Python 3.8.3 (default, Jul  2 2020, 11:26:31) 
[Clang 10.0.0 ] :: Anaconda, Inc. on darwin
Type "help", "copyright", "credits" or "license" for more information.
>>> 2**11
2048
>>> 2**10
1024
>>> .1 + .1 + .1
0.30000000000000004
>>> .1 + .1 + .1 == .3
False
>>> .3
0.3
>>> .1
0.1
>>> round(.1,1) *3 ==round(.3,1)
False
>>> round(.1*3, 1) 
0.3
>>> q,r =divmod(2**56,10)
>>> q
7205759403792793
>>> r
6
>>> J = q+1
>>> len(bin(J))
55
>>> 52-56+1023
1019
>>> float.hex(.1)
'0x1.999999999999ap-4'
>>> 1019-1023
-4
>>> (q+1)/2**56 == .1
True
>>> from decimal import Decimal
>>> from fractions import Fraction
>>> Fraction.from_float(.1)
Fraction(3602879701896397, 36028797018963968)
>>> q+1/2
7205759403792794.0
>>> q+1/4
7205759403792793.0
>>> (q+1)2
  File "<stdin>", line 1
    (q+1)2
         ^
SyntaxError: invalid syntax
>>> (q+1)/2
3602879701896397.0
>>> Fraction.from_float(.1)
Fraction(3602879701896397, 36028797018963968)
>>> exit()

20.6. Review today’s class#

Free. You may do the following as a bonus practice badge though.

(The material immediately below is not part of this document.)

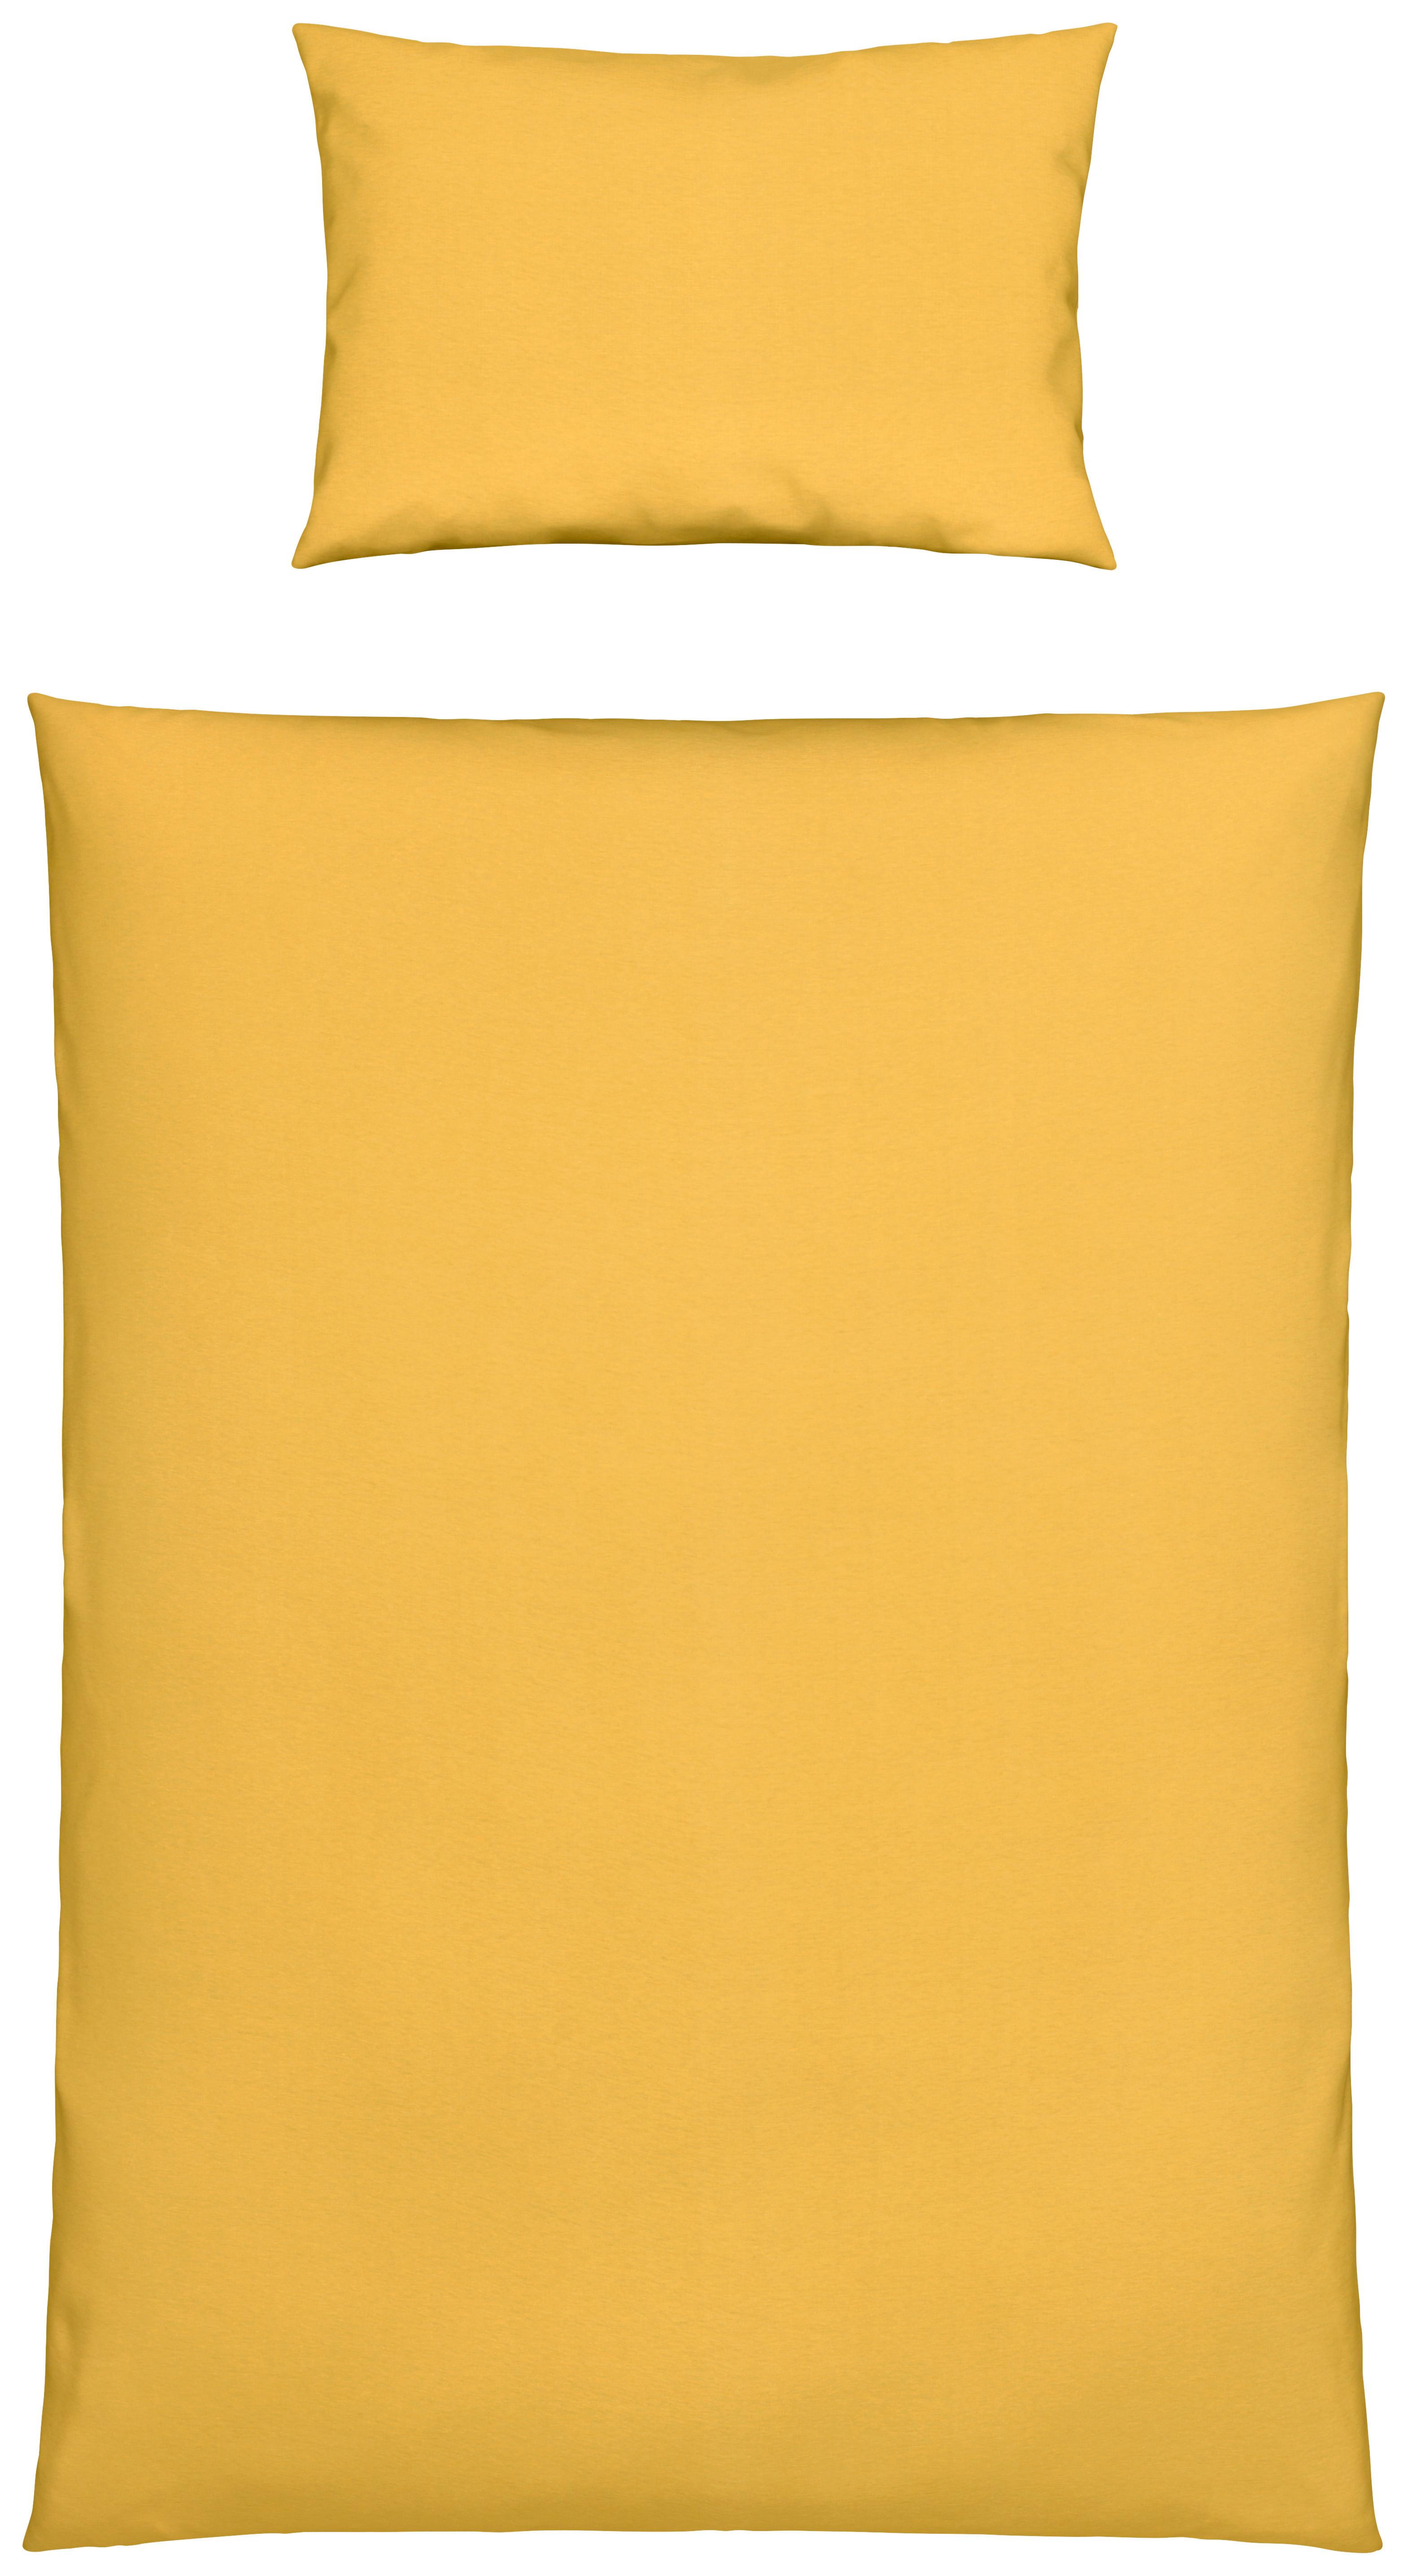 Detská Posteľná Bielizeň Toni, 100/135cm, Žltá - žltá, Moderný, textil (100/135cm) - Modern Living
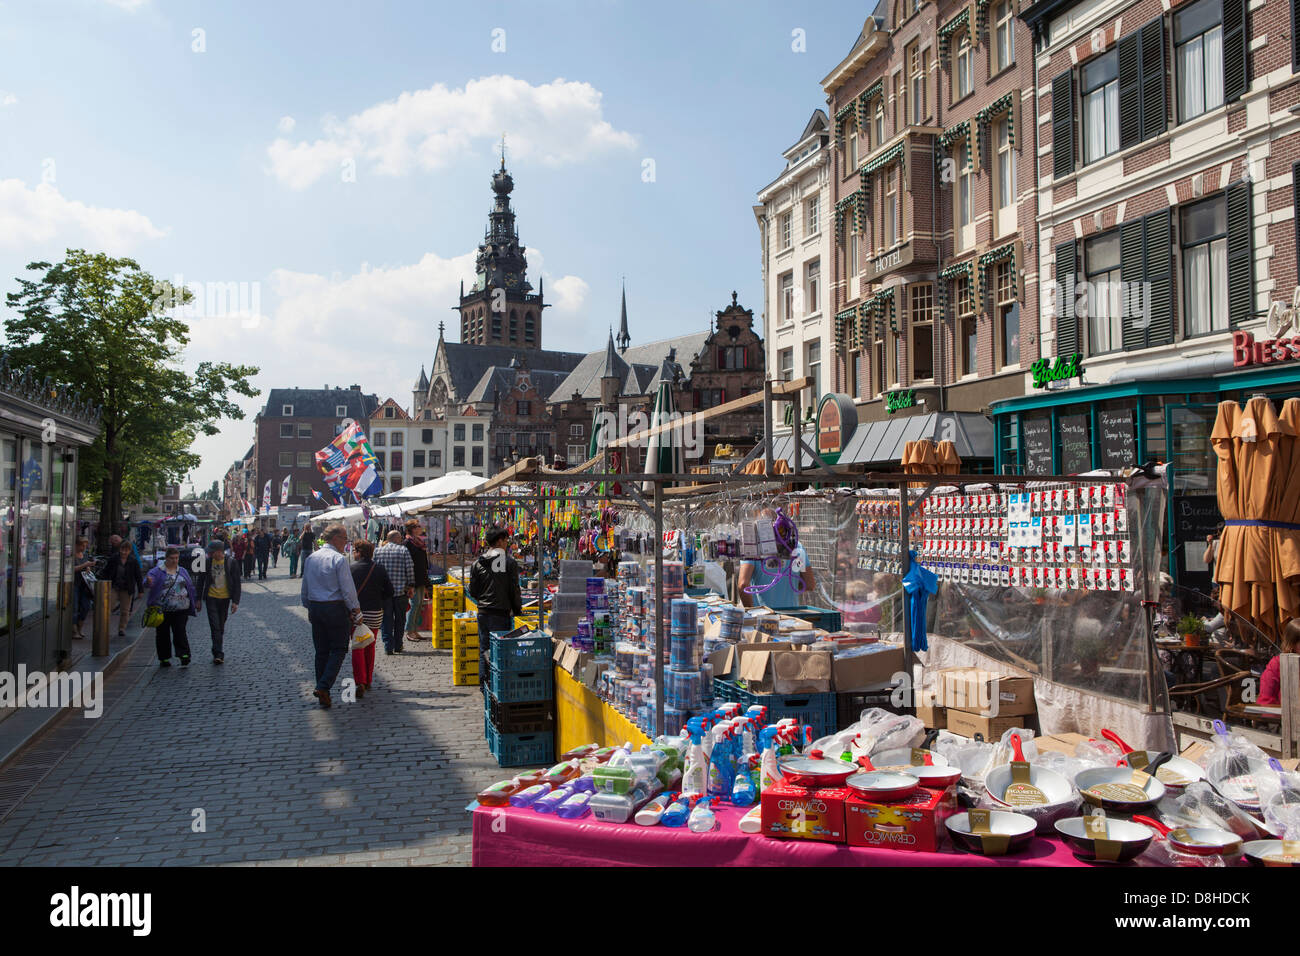 Día de mercado en el centro histórico de la ciudad de Nijmegen en los Países Bajos Foto de stock

  1. Write a C program to compare values as doubles and as float (single precision/32bit) to see that this comparison issue is related to the IEEE standard and is not language specific. Make notes and comparison around its behavior and include it in a code cell in cdouble.md

20.7. Prepare for Next Class#

None, come as you are.

20.8. More Practice#

Free. You may do the following as a bonus practice badge though.

  1. Write a C program to compare values as doubles and as float (single precision/32bit) to see that this comparison issue is related to the IEEE standard and is not language specific. Make notes and comparison around its behavior and include it in a code cell in cdouble.md

  2. In floatexpt.md design an experiment using the fractions.Fraction class in python that shows helps illustrate how .1*3 == .3 evaluates to False but .1*4 ==.4 evaluates to True.

20.9. Experience Report Evidence#

Nothing separate

20.10. Questions After Today’s Class#

Post manually for a community badge.